AppProperties (com.simulation.analytics)

A configuration properties class annotated with @ConfigurationProperties(prefix = "app"). It reads topic names from environment variables via application.yml with sensible defaults — motion-position, motion-collision, and motion-ball-analytics.

AnalyticsTopology (com.simulation.analytics.config)

This is where the entire stream processing graph is defined. It builds a Kafka Streams topology using the StreamsBuilder DSL — two source streams consume from motion-position and motion-collision using StringSerde, JSON is parsed manually with Jackson ObjectMapper inside flatMap operators, position events compute speed via Math.hypot(vx, vy), and collision events fan out each collision into two MetricUpdate records (one per ball). Both streams are merged, grouped by a composite key (sessionId|ballId), and aggregated into a persistent KeyValueStore named "analytics-store". The aggregated state is then projected into BallAnalytics records and written to the output topic.

MetricUpdate (com.simulation.analytics.model)

A unified data model that represents metric updates from both position and collision events. Position updates carry coordinates and speed; collision updates carry a boolean flag and no positional data. This lets the pipeline treat both event types uniformly once they are converted.

AnalyticsState (com.simulation.analytics.model)

The per-key state container that holds everything needed for each ball: latest position, current speed, a deque of speed samples for the 10-second average, and a deque of collision timestamps for the 30-second count. Sliding windows are implemented manually — on every apply() call, old samples are trimmed from the front of each deque based on the current timestamp.

SpeedSample (com.simulation.analytics.model)

A simple serializable data point storing a speed measurement with its timestamp. These are collected inside AnalyticsState for the sliding average speed calculation.

JsonSerde (com.simulation.analytics.serde)

A generic Kafka Streams Serde implementation that uses Jackson ObjectMapper for JSON serialization and deserialization. It handles both the state store value and the output topic.

Data Models (com.simulation.analytics.model)

A handful of straightforward Java records: PositionEvent and CollisionEvent represent the incoming Kafka messages, while BallAnalytics is the output record that gets published back to Kafka with all computed metrics.

Data Flow

+---------------------+     +----------+     +---------------------------+     +---------------------+
|  JavaFX Simulation  |---->|  Kafka   |---->|  Kafka Streams (this)     |---->|  Kafka Analytics    |
|  (motion-event-     |     |          |     |                           |     |  Topic              |
|   producer)         |     | motion-  |     | - flatMap both streams    |     |  motion-ball-       |
|                     |     | position |     | - Composite key           |     |  analytics          |
|  Generates:         |     | motion-  |     |   sessionId|ballId        |     |                     |
|  - Position events  |     | collision|     | - aggregate() state       |     |  Consumers:         |
|  - Collision events |     +----------+     | - 10s avg speed           |     |  - Monitoring       |
+---------------------+                      | - 30s collision count     |     |  - Dashboards       |
                                             +---------------------------+     |  - Alerting         |
                                                                               +---------------------+

Processing Pipeline

The topology defined in AnalyticsTopology assembles Kafka Streams DSL operators into a processing graph.
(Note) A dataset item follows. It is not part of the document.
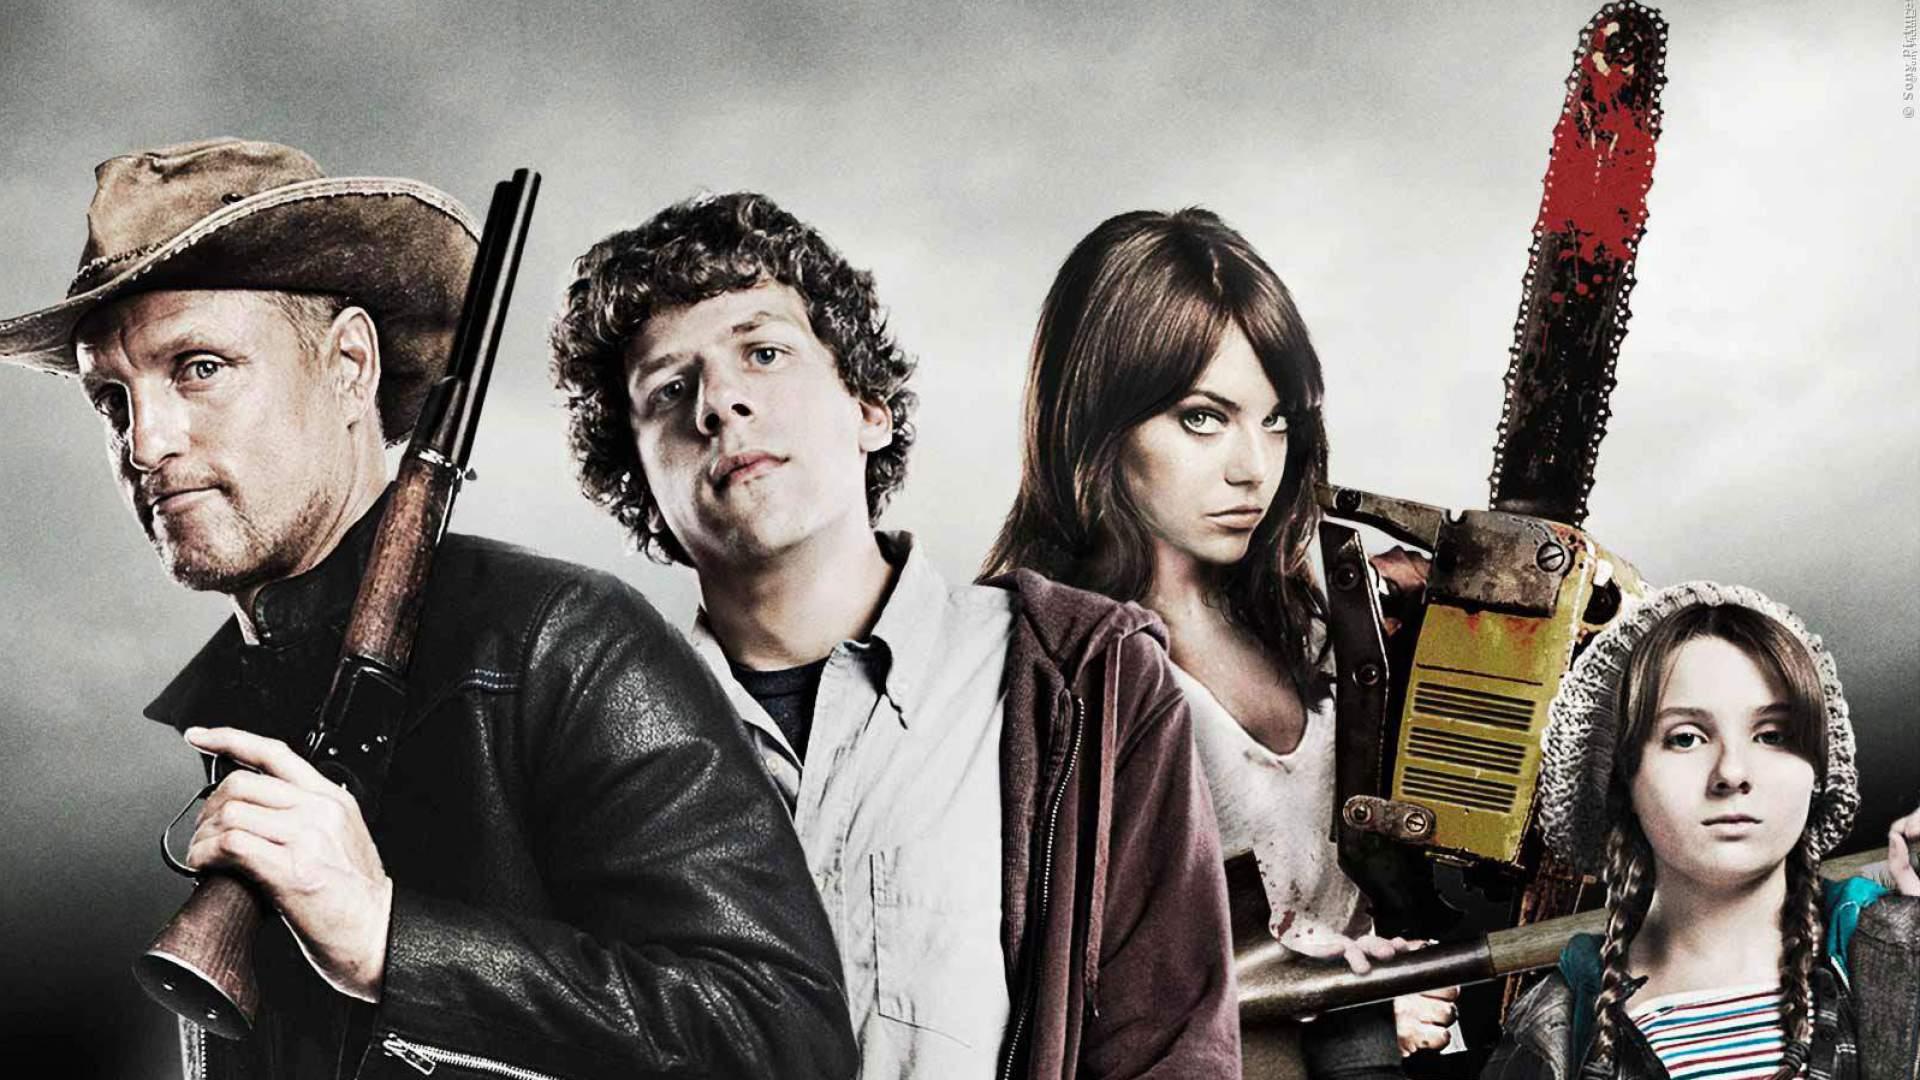 VIDEO: Zehn absolut krasse Filmfehler in 'Zombieland', die du bisher bestimmt übersehen hast!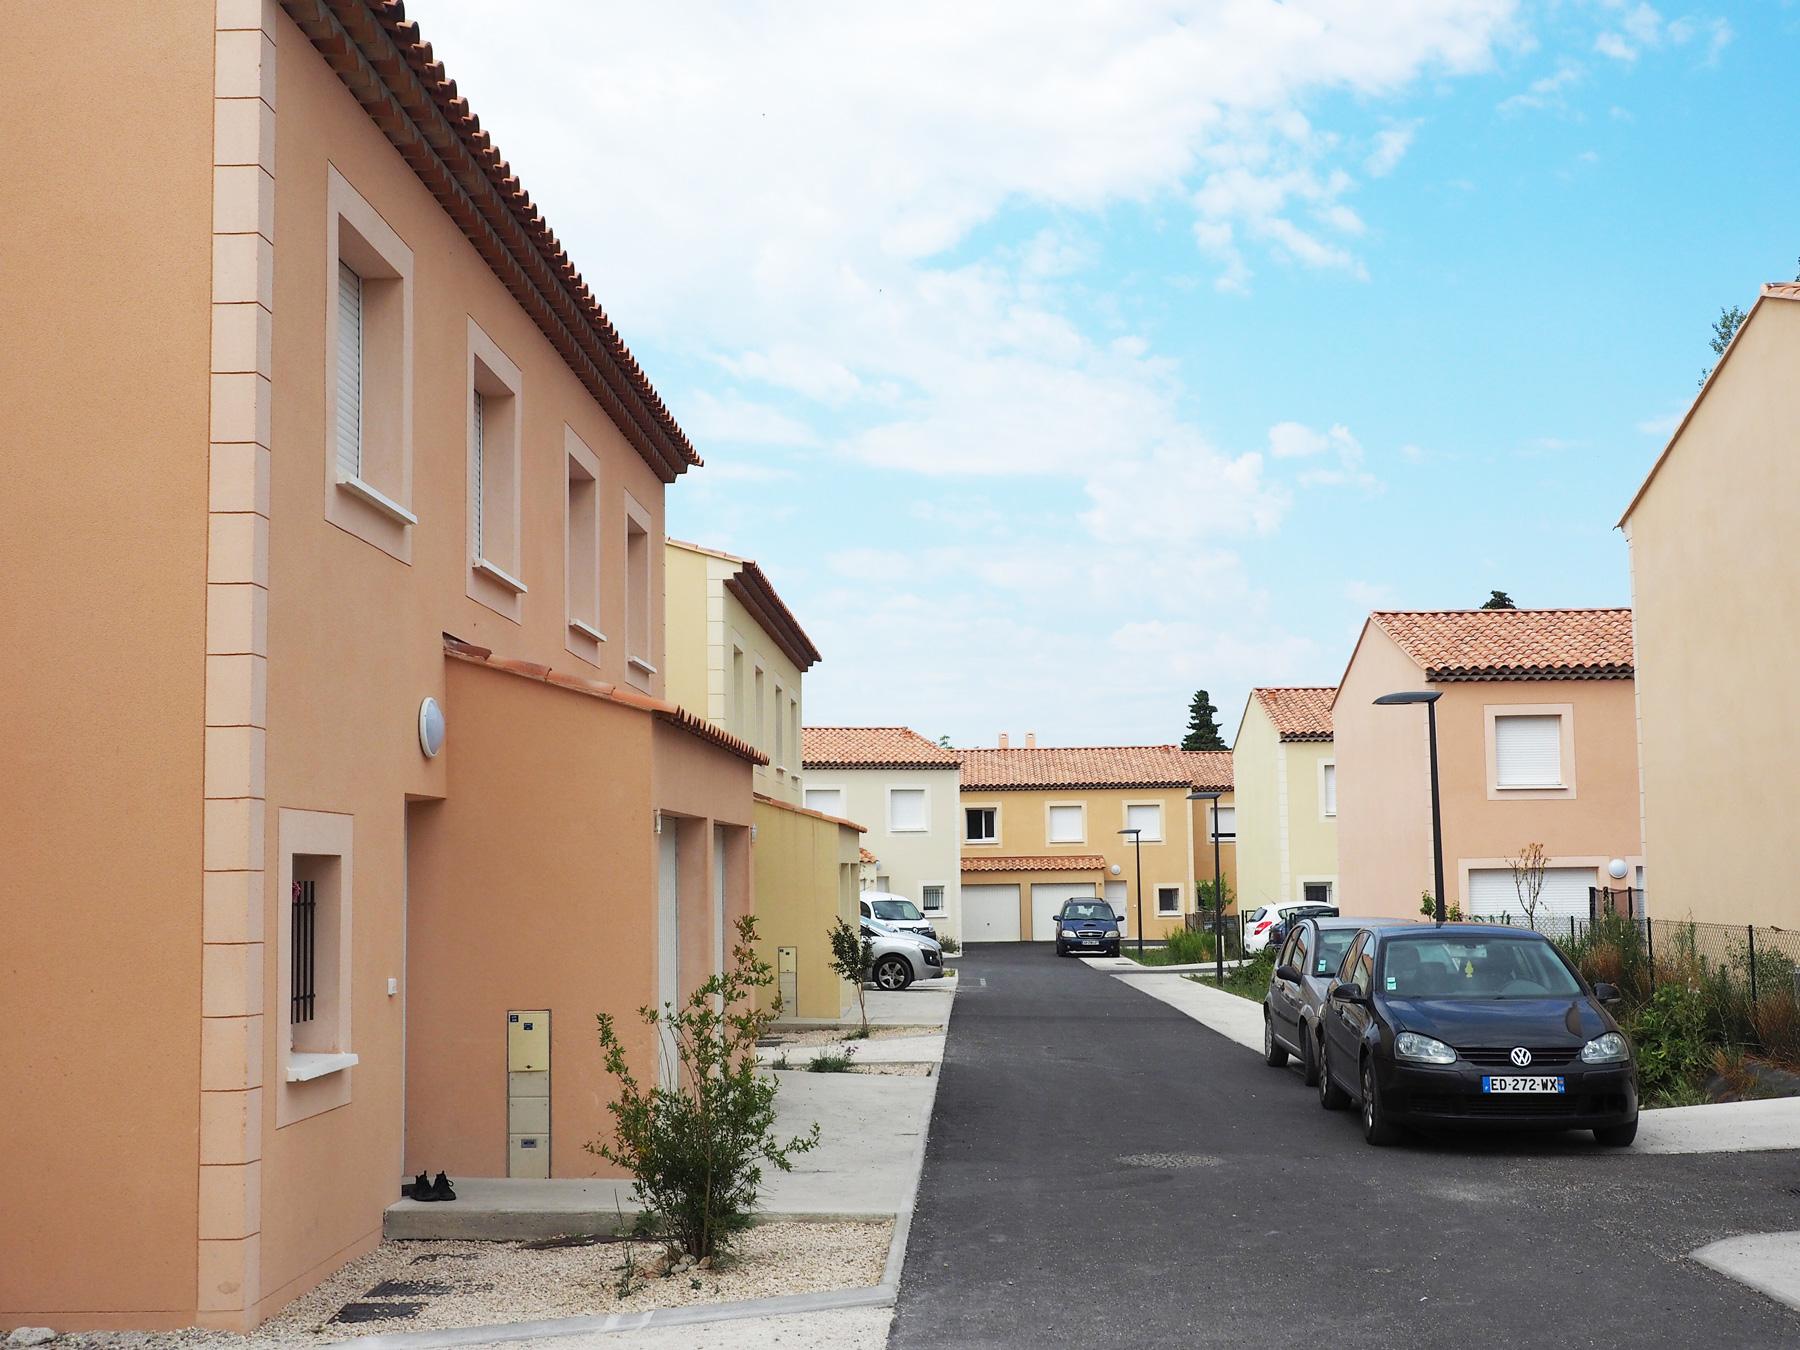 VILLA ILONA - 40 villas

It consumes PositionEvent records from the motion-position Kafka topic using StringSerde, with JSON parsed manually in a flatMap operator. It consumes CollisionEvent records from the motion-collision topic the same way. Both event types are converted into a unified MetricUpdate stream — position events include speed computed via Math.hypot(vx, vy), and collision events produce two updates (one per ball).

The stream is keyed by sessionId|ballId for per-ball state management, grouped by key, and aggregated into AnalyticsState using a materialized KeyValueStore named "analytics-store".

Each call to AnalyticsState.apply() updates the position, appends speed or collision data, and trims samples older than the sliding window thresholds (10 seconds for speed, 30 seconds for collisions). The aggregated state is then projected into BallAnalytics records and written to the motion-ball-analytics Kafka topic. A custom JsonSerde handles serialization for both the state store and the output topic.

Metrics Emitted

Each output record contains:

  • sessionId / ballId — identifies the ball and simulation session
  • timestampMs — event timestamp
  • latestX / latestY — most recent position
  • currentSpeed — instantaneous speed (m/s)
  • avgSpeed10s — average speed over the last 10 seconds
  • collisionsCount30s — number of collisions in the last 30 seconds

Key Differences from the Apache Flink Version

While both versions solve the same problem, they differ significantly in their approach. The Flink version runs on a Flink cluster with dedicated JobManager and TaskManager processes, uses Flink's KeyedProcessFunction with managed state, and relies on Flink's built-in SlidingEventTimeWindows for windowed aggregations.

The Kafka Streams version, by contrast, runs as a standalone JVM process (java -jar or Docker), uses the Kafka Streams aggregate() operator with a persistent KeyValueStore, and implements sliding windows manually by trimming deques inside AnalyticsState. Serialization in the Flink version uses Flink's type system and POJO serializers, while the Kafka Streams version uses a custom JsonSerde built on Jackson.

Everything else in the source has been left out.